Ambitions nucléaires

L’Arabie saoudite a démenti les informations selon lesquelles elle construirait une installation d’extraction de yellow cake d’uranium avec l’aide de la Chine. Elle possède elle-même d’importants gisements d’uranium. Les États-Unis veulent stopper cette évolution en convainquant le royaume d’accepter les garanties exigées par la législation américaine, que les Saoudiens ont jusqu’à présent rejetées. Ces garanties obligeraient l’Arabie saoudite à renoncer à produire du combustible nucléaire, même si elle pourrait l’acheter moins cher à l’étranger. La loi américaine sur l’énergie atomique stipule que les pays qui coopèrent avec les États-Unis dans le domaine de l’énergie nucléaire doivent renoncer à l’enrichissement de l’uranium et au retraitement du combustible usé.
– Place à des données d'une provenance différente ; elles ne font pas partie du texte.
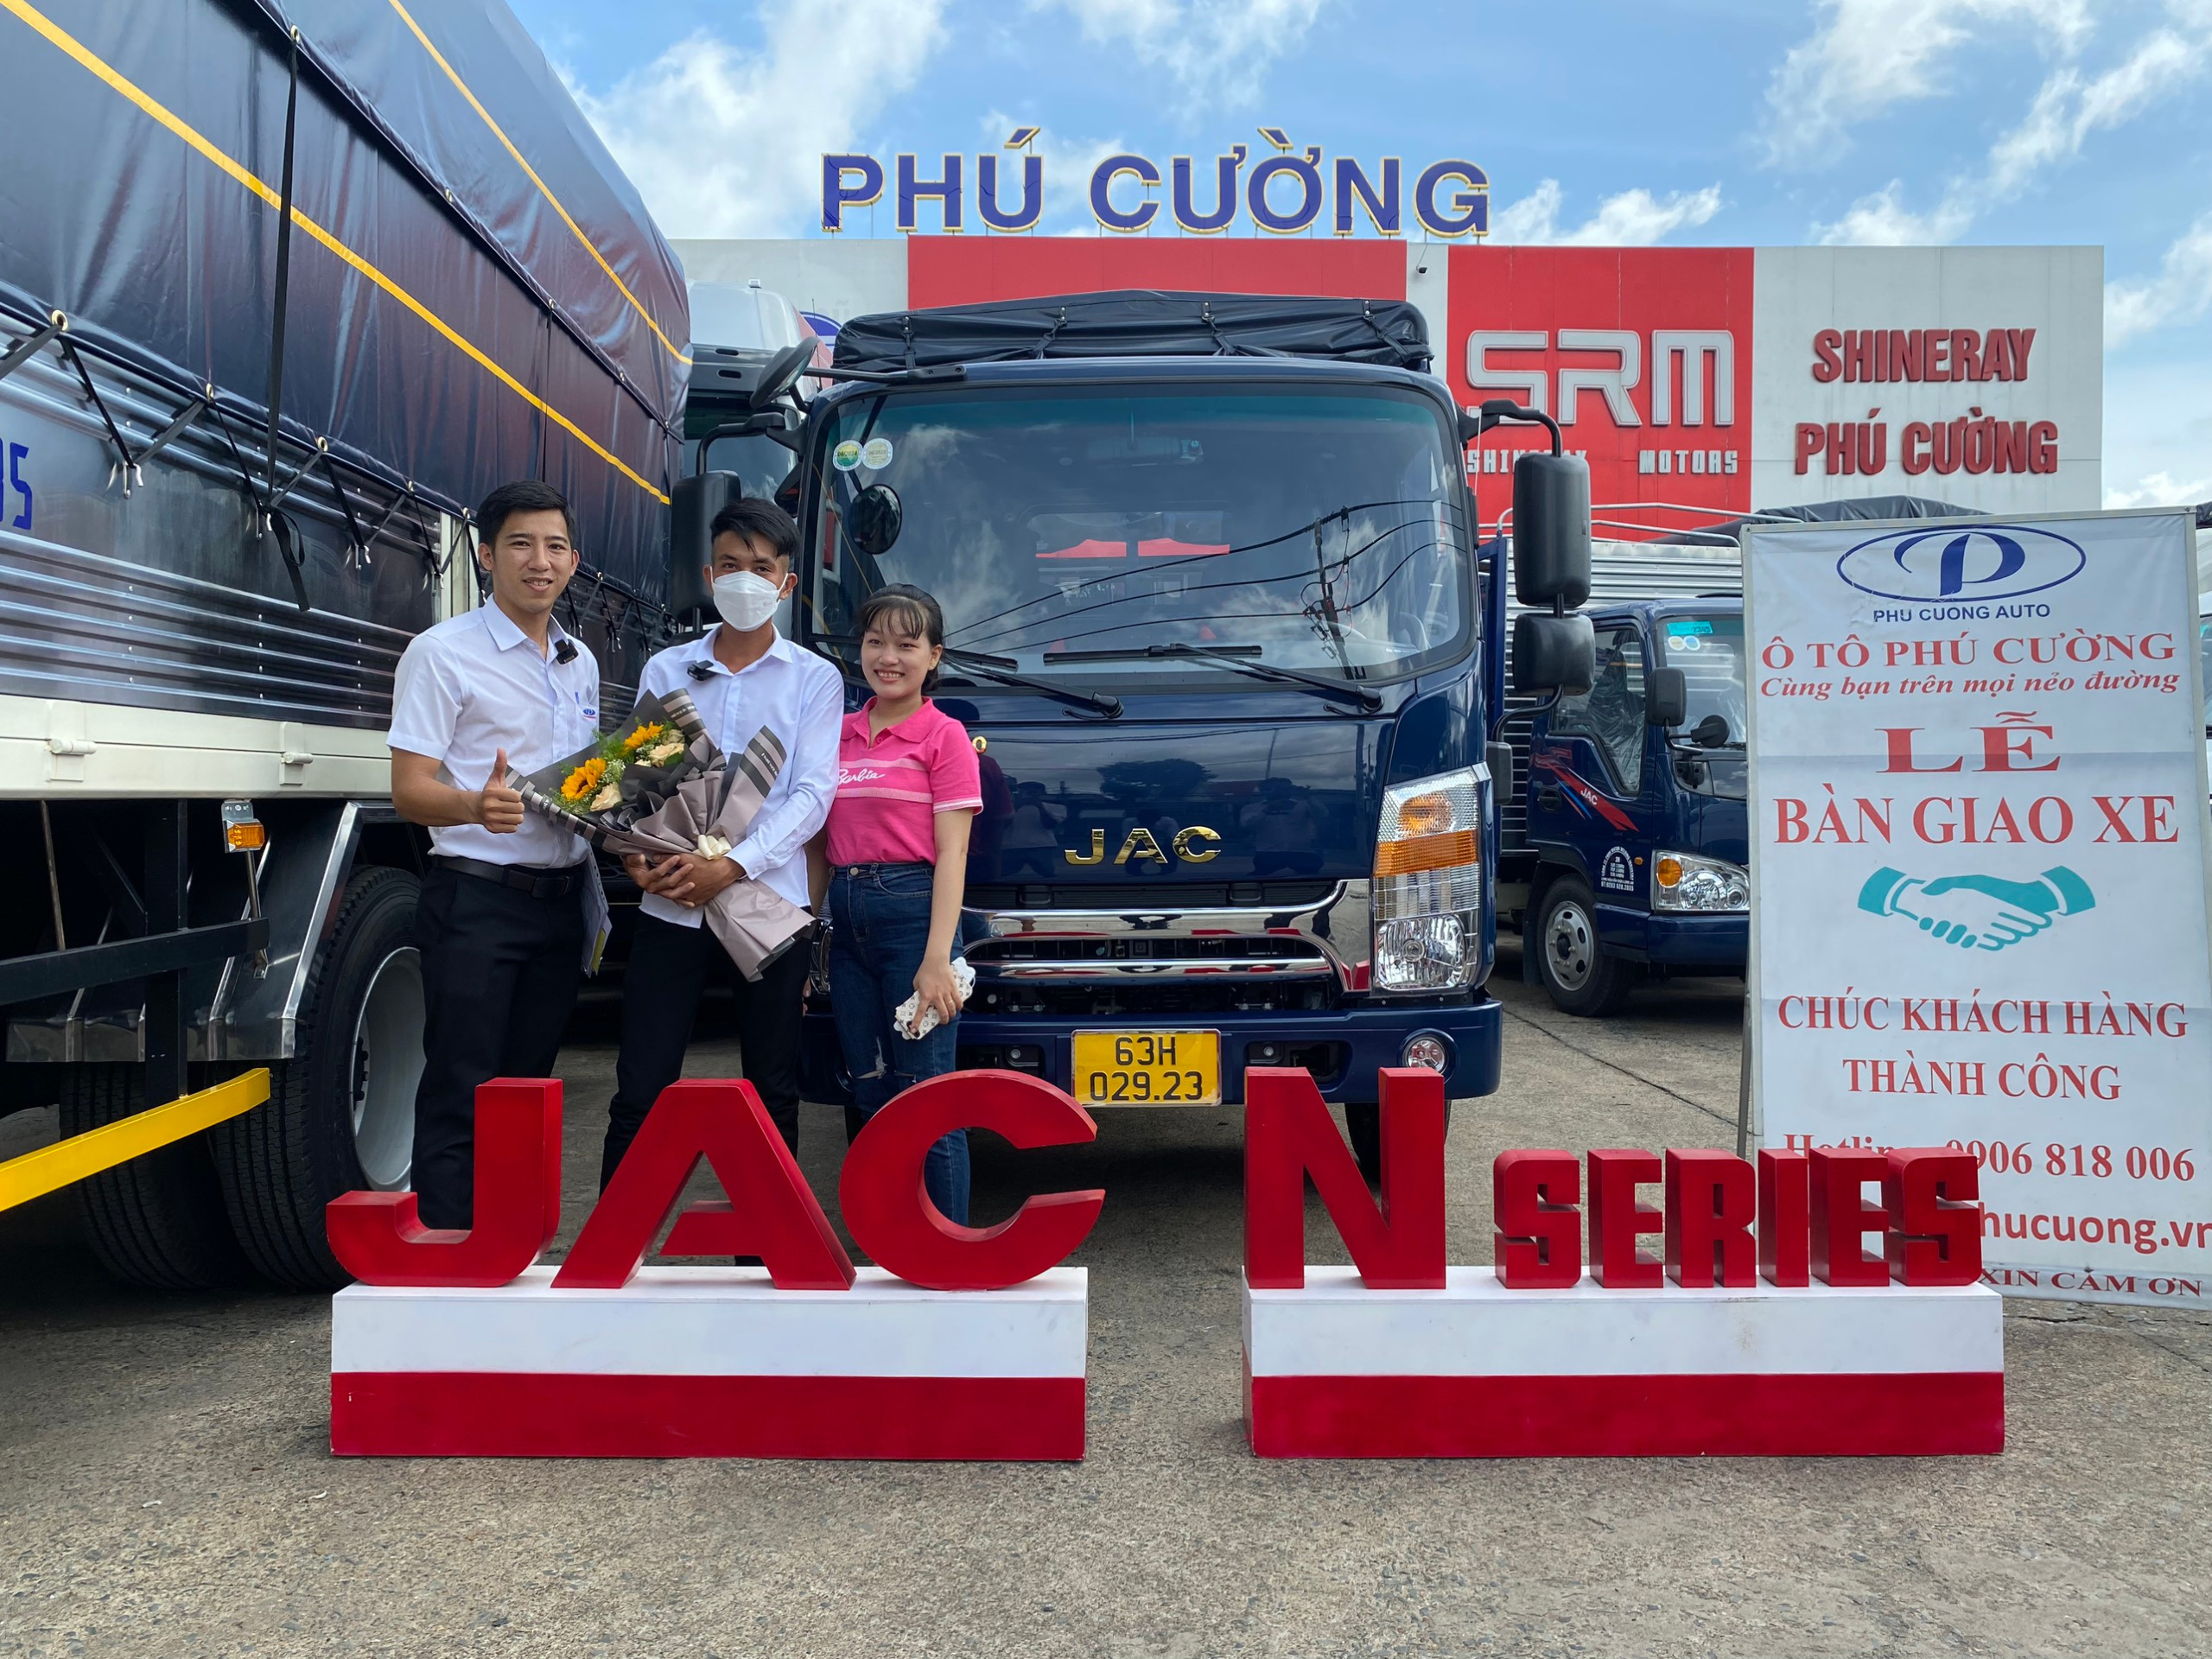 Gia đình anh Phan Văn Lên ở Tiền Giang đến Phú Cường mua xe

Les autorités américaines craignent que l’insistance des Saoudiens ne revienne à revenir sur un protocole d’accord conclu en 2009 avec les États-Unis, dans lequel le royaume s’engageait à acquérir du combustible nucléaire sur les marchés internationaux.

Pourtant, même si MBS parvenait à convaincre les États-Unis de son sens des responsabilités et à satisfaire aux conditions américaines en matière de coopération nucléaire, Israël reste son joker. Le prince héritier et d’autres hauts responsables saoudiens ont clairement indiqué qu’ils souhaitaient établir une relation officielle avec Israël, mais cela ne sera possible que si le conflit israélo-palestinien est résolu d’une manière qui tienne compte des intérêts des deux parties, or le premier ministre Benyamin Nétanyahou est à la tête d’un gouvernement qui veut tout sauf cela.

Nétanyahou semble croire que le soutien aux Palestiniens en Arabie saoudite, et ailleurs dans le monde arabe et musulman a diminué au point que, s’il a le choix entre le soutien aux Palestiniens et la coopération sécuritaire et technologique avec Israël, en particulier contre l’Iran, le royaume optera pour Israël.

Ce calcul ne peut fonctionner que dans le cas improbable où les États-Unis s’engagent juridiquement à assurer la sécurité de l’Arabie saoudite et du Golfe et où le royaume remplit les conditions nucléaires imposées par les États-Unis. Pour sa part, MBS peut supposer que si l’Arabie saoudite et les États-Unis s’entendent, Netanyahu fera de même, mais il s’agit là d’un pari risqué. Même si Netanyahou souhaite entretenir des relations officielles avec l’Arabie saoudite, il est peu probable qu’il mette son avenir politique en péril en risquant une crise avec ses partenaires de la coalition, majoritairement d’extrême droite et ultrareligieux, qui veulent se débarrasser des Palestiniens, le plus tôt étant le mieux.

1« Saudi Arabia offers its price to normalize relations with Israel », The New York Times, 10 mars 2023.